From mboxrd@z Thu Jan  1 00:00:00 1970
Return-Path: <linux-kernel-owner@vger.kernel.org>
Received: (majordomo@vger.kernel.org) by vger.kernel.org via listexpand
	id S1755348AbcFGMbx (ORCPT <rfc822;w@1wt.eu>);
	Tue, 7 Jun 2016 08:31:53 -0400
Received: from mail-wm0-f67.google.com ([74.125.82.67]:35327 "EHLO
	mail-wm0-f67.google.com" rhost-flags-OK-OK-OK-OK) by vger.kernel.org
	with ESMTP id S1753978AbcFGMbw (ORCPT
	<rfc822;linux-kernel@vger.kernel.org>);
	Tue, 7 Jun 2016 08:31:52 -0400
Date: Tue, 7 Jun 2016 14:31:49 +0200
From: Michal Hocko <mhocko@kernel.org>
To: Tetsuo Handa <penguin-kernel@I-love.SAKURA.ne.jp>
Cc: linux-mm@kvack.org, Andrew Morton <akpm@linux-foundation.org>,
        Mel Gorman <mgorman@suse.de>, Vlastimil Babka <vbabka@suse.cz>,
        Johannes Weiner <hannes@cmpxchg.org>, Rik van Riel <riel@redhat.com>,
        Dave Chinner <david@fromorbit.com>,
        LKML <linux-kernel@vger.kernel.org>
Subject: Re: [RFC PATCH 1/2] mm, tree wide: replace __GFP_REPEAT by
 __GFP_RETRY_HARD with more useful semantic
Message-ID: <20160607123149.GK12305@dhcp22.suse.cz>
References: <1465212736-14637-1-git-send-email-mhocko@kernel.org>
 <1465212736-14637-2-git-send-email-mhocko@kernel.org>
 <7fb7e035-7795-839b-d1b0-4a68fcf8e9c9@I-love.SAKURA.ne.jp>
MIME-Version: 1.0
Content-Type: text/plain; charset=us-ascii
Content-Disposition: inline
In-Reply-To: <7fb7e035-7795-839b-d1b0-4a68fcf8e9c9@I-love.SAKURA.ne.jp>
User-Agent: Mutt/1.6.0 (2016-04-01)
Sender: linux-kernel-owner@vger.kernel.org
List-ID: <linux-kernel.vger.kernel.org>
X-Mailing-List: linux-kernel@vger.kernel.org

On Tue 07-06-16 21:11:03, Tetsuo Handa wrote:
> On 2016/06/06 20:32, Michal Hocko wrote:
> > diff --git a/drivers/vhost/vhost.c b/drivers/vhost/vhost.c
> > index 669fef1e2bb6..a4b0f18a69ab 100644
> > --- a/drivers/vhost/vhost.c
> > +++ b/drivers/vhost/vhost.c
> > @@ -707,7 +707,7 @@ static int vhost_memory_reg_sort_cmp(const void *p1, const void *p2)
> >  
> >  static void *vhost_kvzalloc(unsigned long size)
> >  {
> > -	void *n = kzalloc(size, GFP_KERNEL | __GFP_NOWARN | __GFP_REPEAT);
> > +	void *n = kzalloc(size, GFP_KERNEL | __GFP_NOWARN | __GFP_RETRY_HARD);
> 
> Remaining __GFP_REPEAT users are not always doing costly allocations.

Yes but...

> Sometimes they pass __GFP_REPEAT because the size is given from userspace.
> Thus, unconditional s/__GFP_REPEAT/__GFP_RETRY_HARD/g is not good.

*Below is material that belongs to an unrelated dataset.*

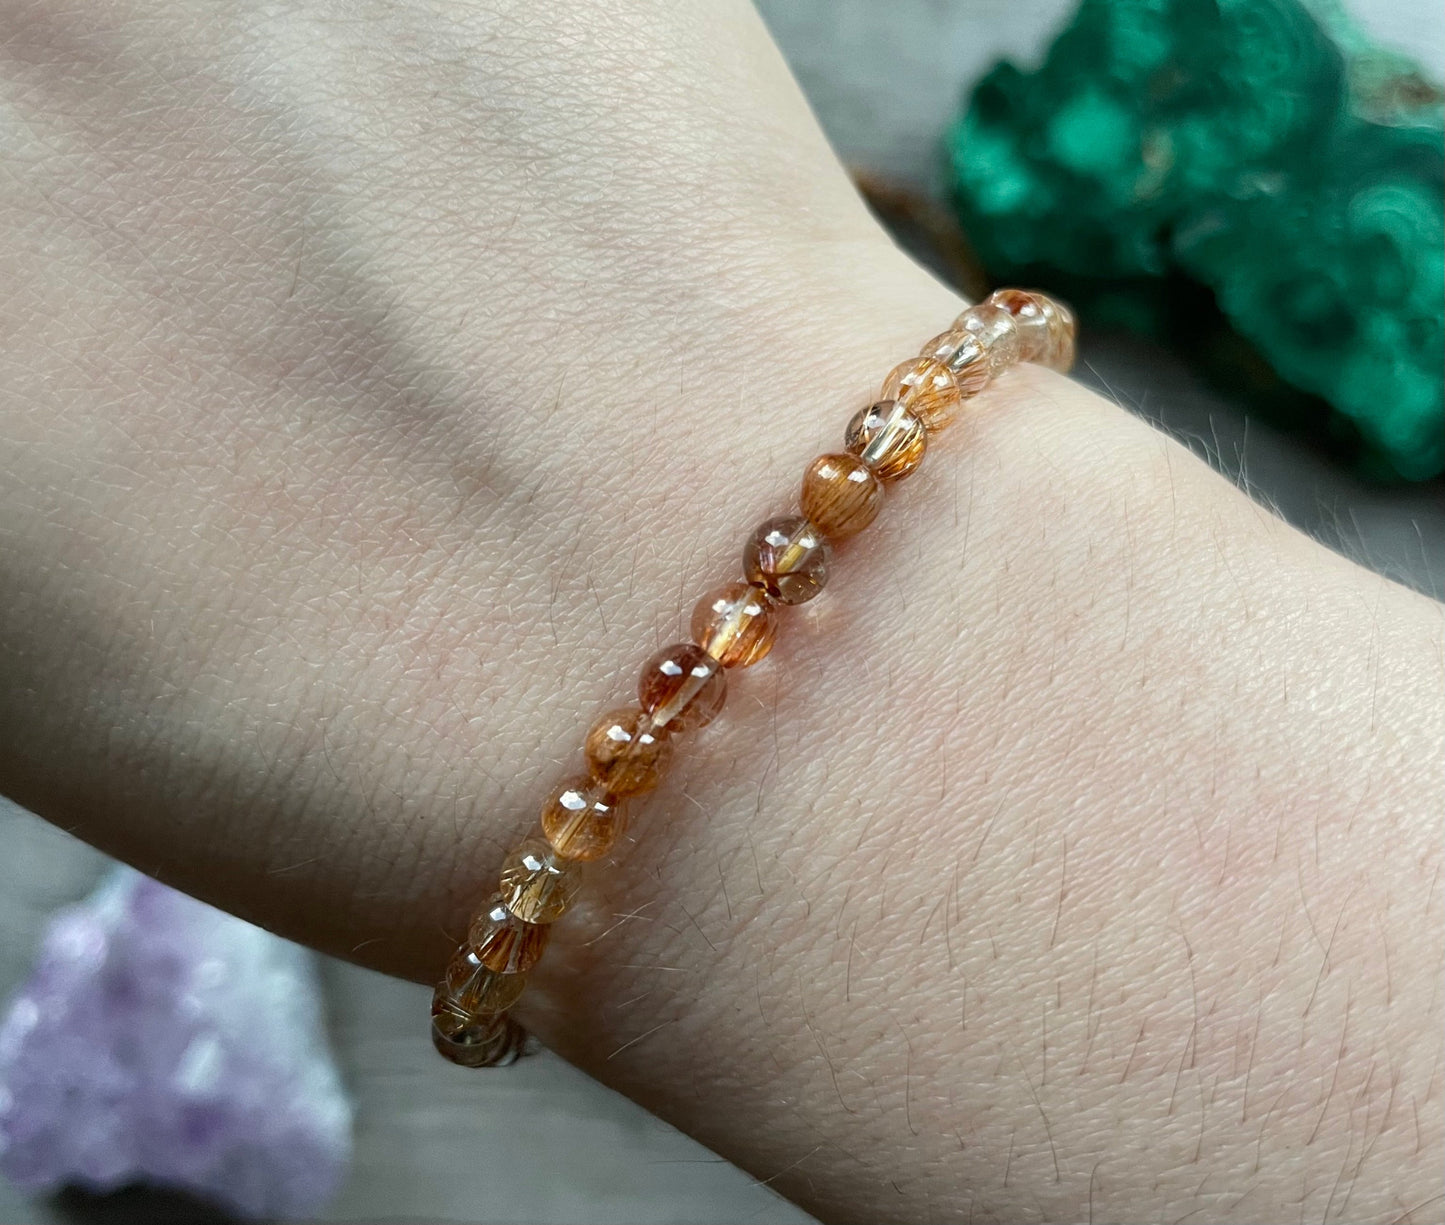 Pictured is a rutilated quartz bead bracelet.

Would that be a regression though? Strictly speaking the __GFP_REPEAT
documentation was explicit to not loop for ever. So nobody should have
expected nofail semantic pretty much by definition. The fact that our
previous implementation was not fully conforming to the documentation is
just an implementation detail.  All the remaining users of __GFP_REPEAT
_have_ to be prepared for the allocation failure. So what exactly is the
problem with them?

> What I think more important is hearing from __GFP_REPEAT users how hard they
> want to retry. It is possible that they want to retry unless SIGKILL is
> delivered, but passing __GFP_NOFAIL is too hard, and therefore __GFP_REPEAT
> is used instead. It is possible that they use __GFP_NOFAIL || __GFP_KILLABLE
> if __GFP_KILLABLE were available. In my module (though I'm not using
> __GFP_REPEAT), I want to retry unless SIGKILL is delivered.

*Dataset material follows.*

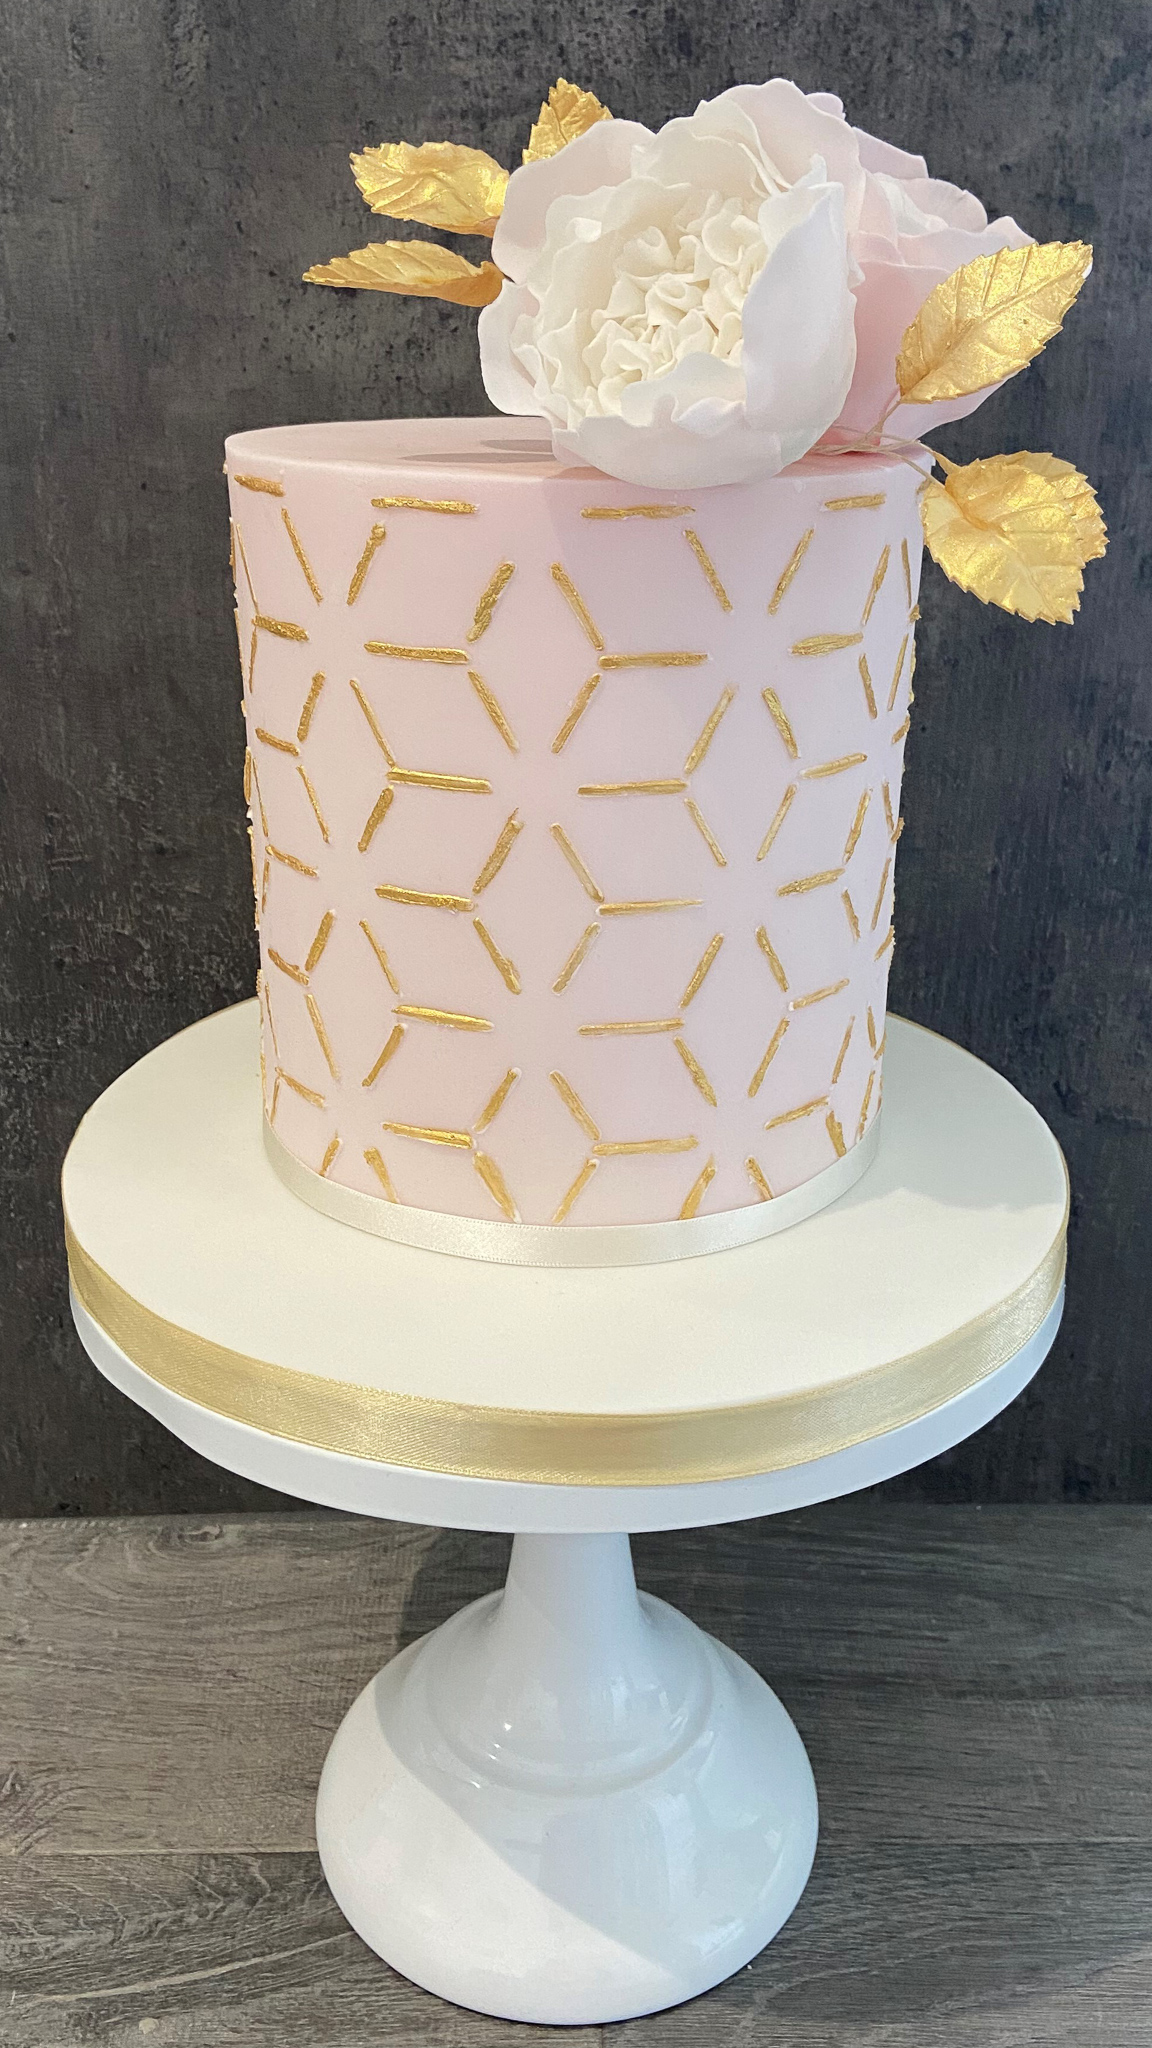 Stylish tall Birthday cake with sugar flowers

To be honest killability for a particular allocation request sounds
like a hack to me. Just consider the expected semantic. How do you
handle when one path uses explicit __GFP_KILLABLE while other path (from
the same syscall) is not... If anything this would have to be process
context wise.
 
[...]
> >  	/* Reclaim has failed us, start killing things */
> >  	page = __alloc_pages_may_oom(gfp_mask, order, ac, &did_some_progress);
> >  	if (page)
> > @@ -3719,6 +3731,7 @@ __alloc_pages_slowpath(gfp_t gfp_mask, unsigned int order,
> >  	/* Retry as long as the OOM killer is making progress */
> >  	if (did_some_progress) {
> >  		no_progress_loops = 0;
> > +		passed_oom = true;
> 
> This is too premature. did_some_progress != 0 after returning from
> __alloc_pages_may_oom() does not mean the OOM killer was invoked. It only means
> that mutex_trylock(&oom_lock) was attempted.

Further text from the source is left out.